- [Assignment]: Only one stretch of the data is wanted: the line containing "The cover of", the line containing "Richard and Wendy", and every line between them, copied exactly.

- [Records]:
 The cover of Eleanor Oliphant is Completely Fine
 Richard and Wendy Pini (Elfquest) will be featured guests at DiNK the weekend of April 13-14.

--

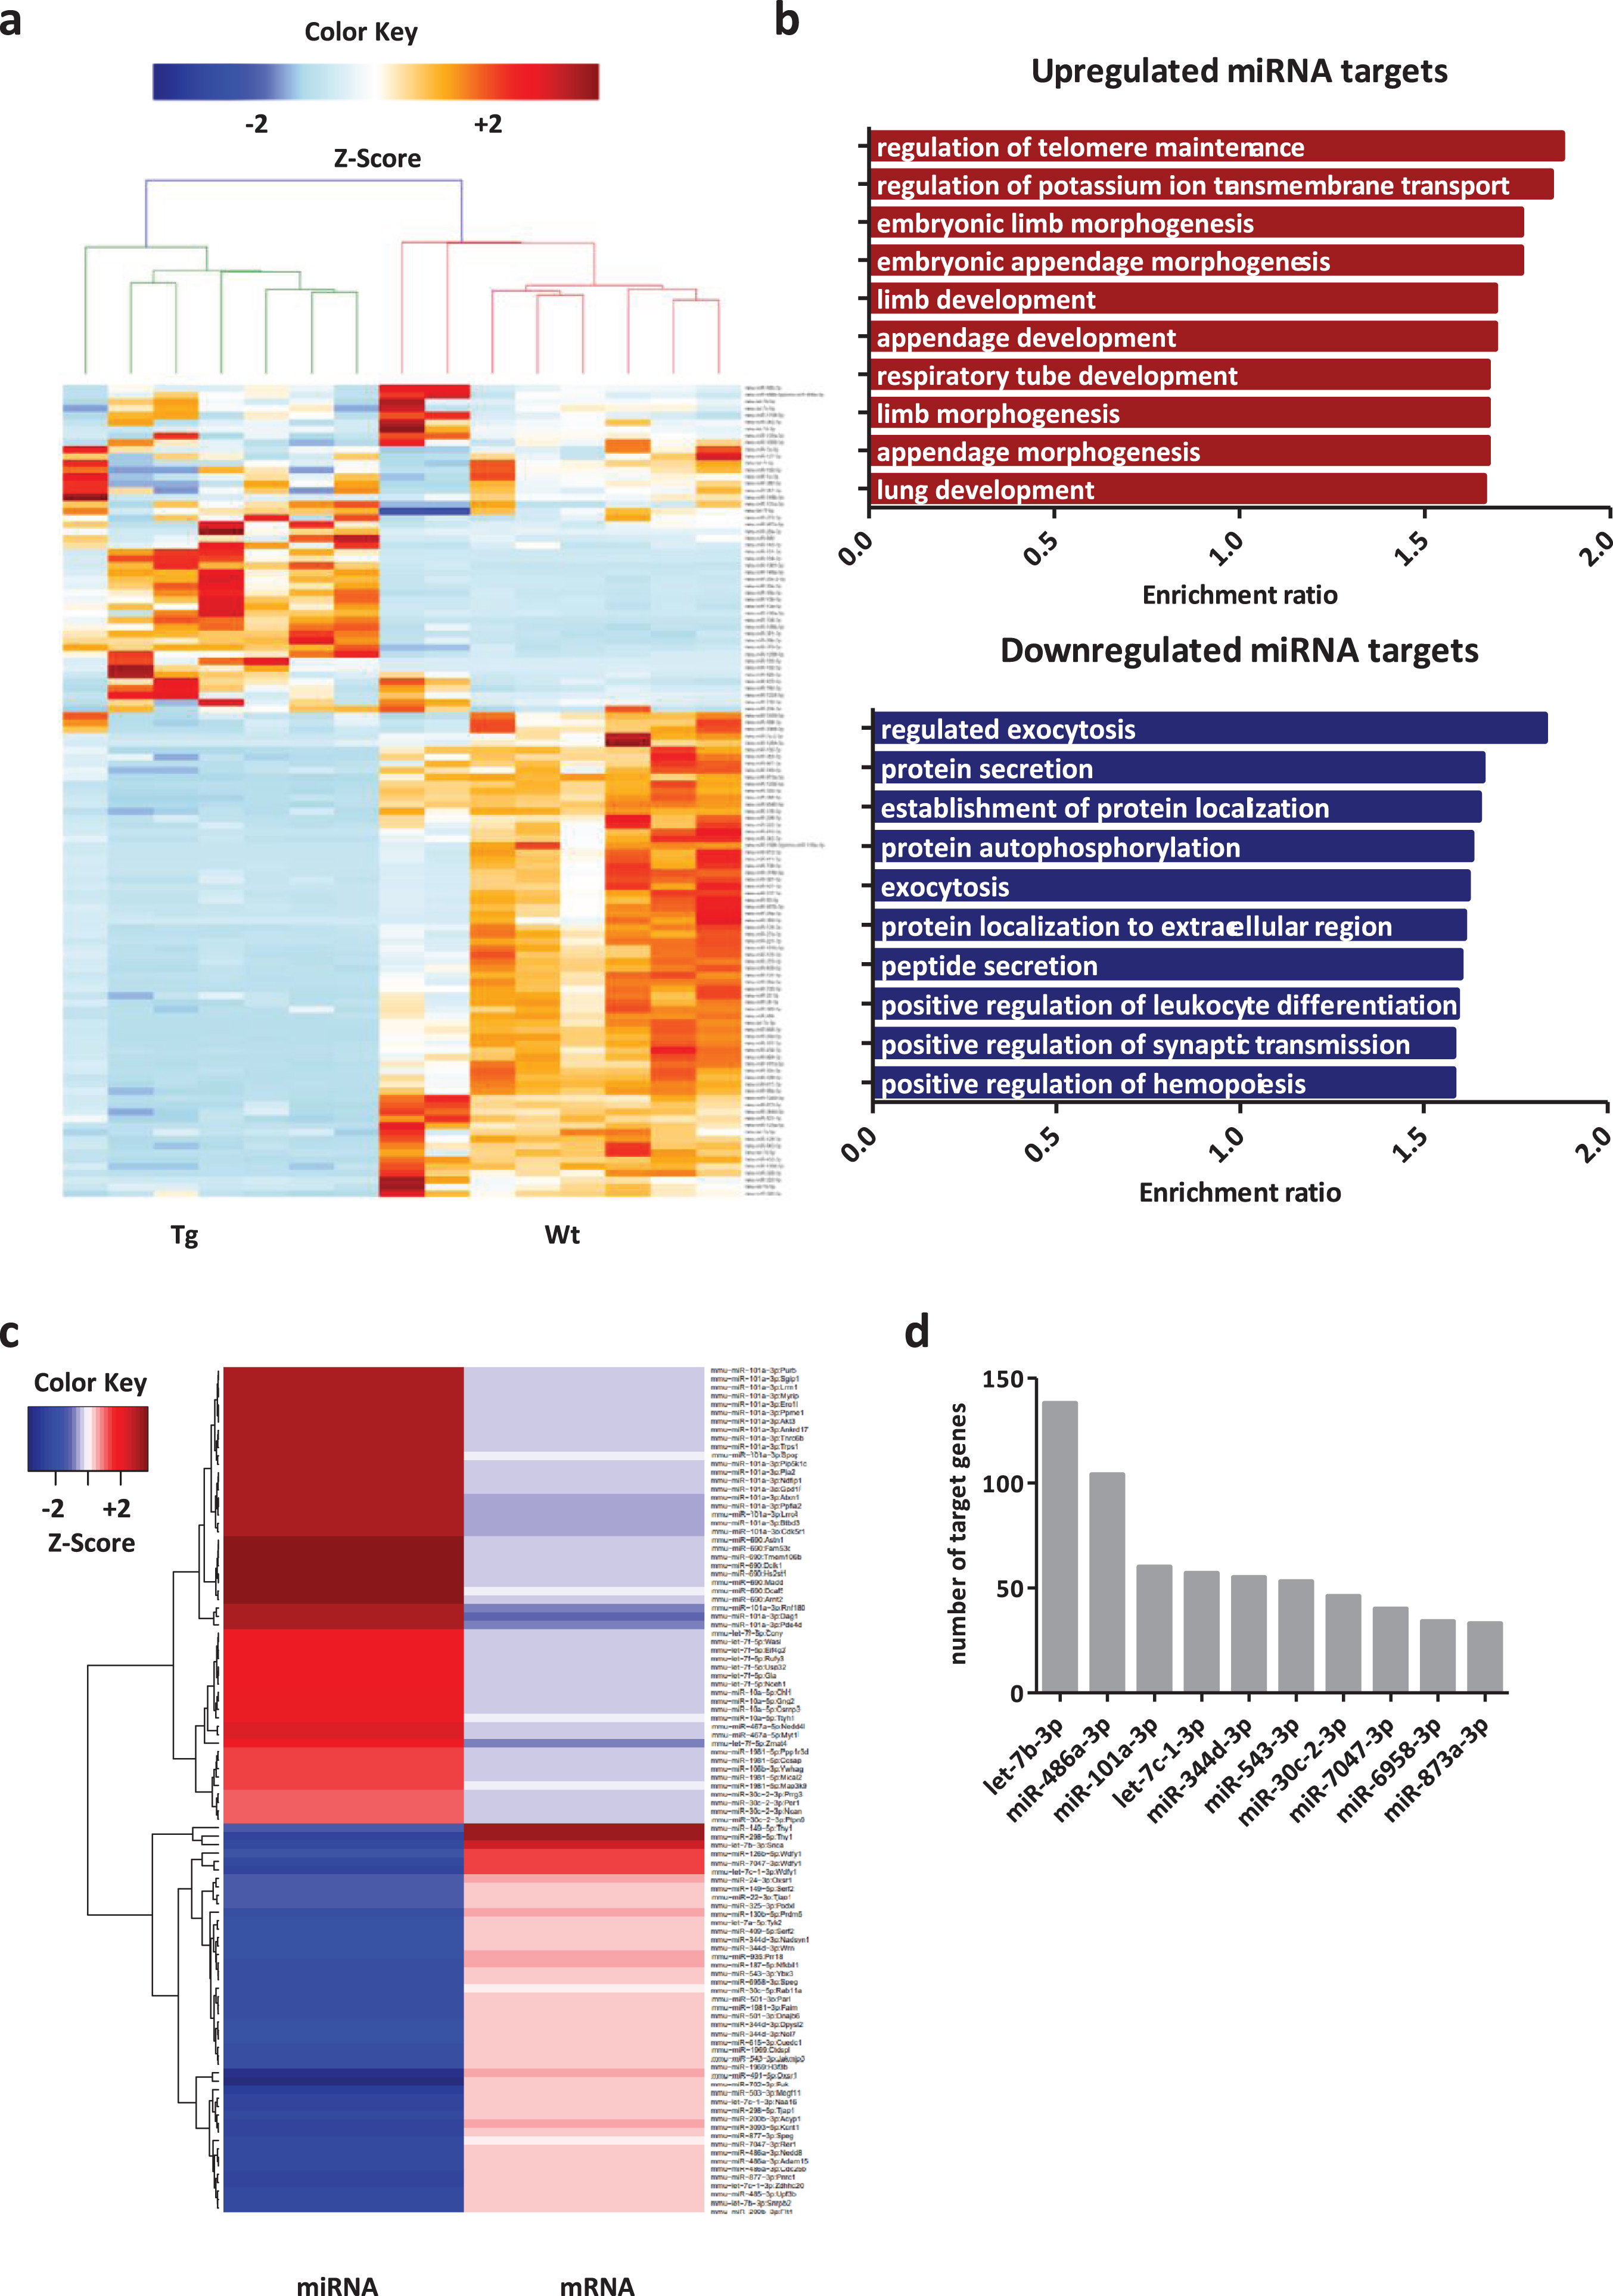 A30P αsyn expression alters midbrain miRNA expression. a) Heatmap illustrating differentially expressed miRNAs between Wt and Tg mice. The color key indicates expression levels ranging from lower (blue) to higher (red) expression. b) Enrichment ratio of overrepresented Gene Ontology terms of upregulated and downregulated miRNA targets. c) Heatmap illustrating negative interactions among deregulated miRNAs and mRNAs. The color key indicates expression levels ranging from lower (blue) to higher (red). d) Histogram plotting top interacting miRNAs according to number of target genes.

- [Solution]:
 The cover of Eleanor Oliphant is Completely Fine
 Richard and Wendy Pini (Elfquest) will be featured guests at DiNK the weekend of April 13-14.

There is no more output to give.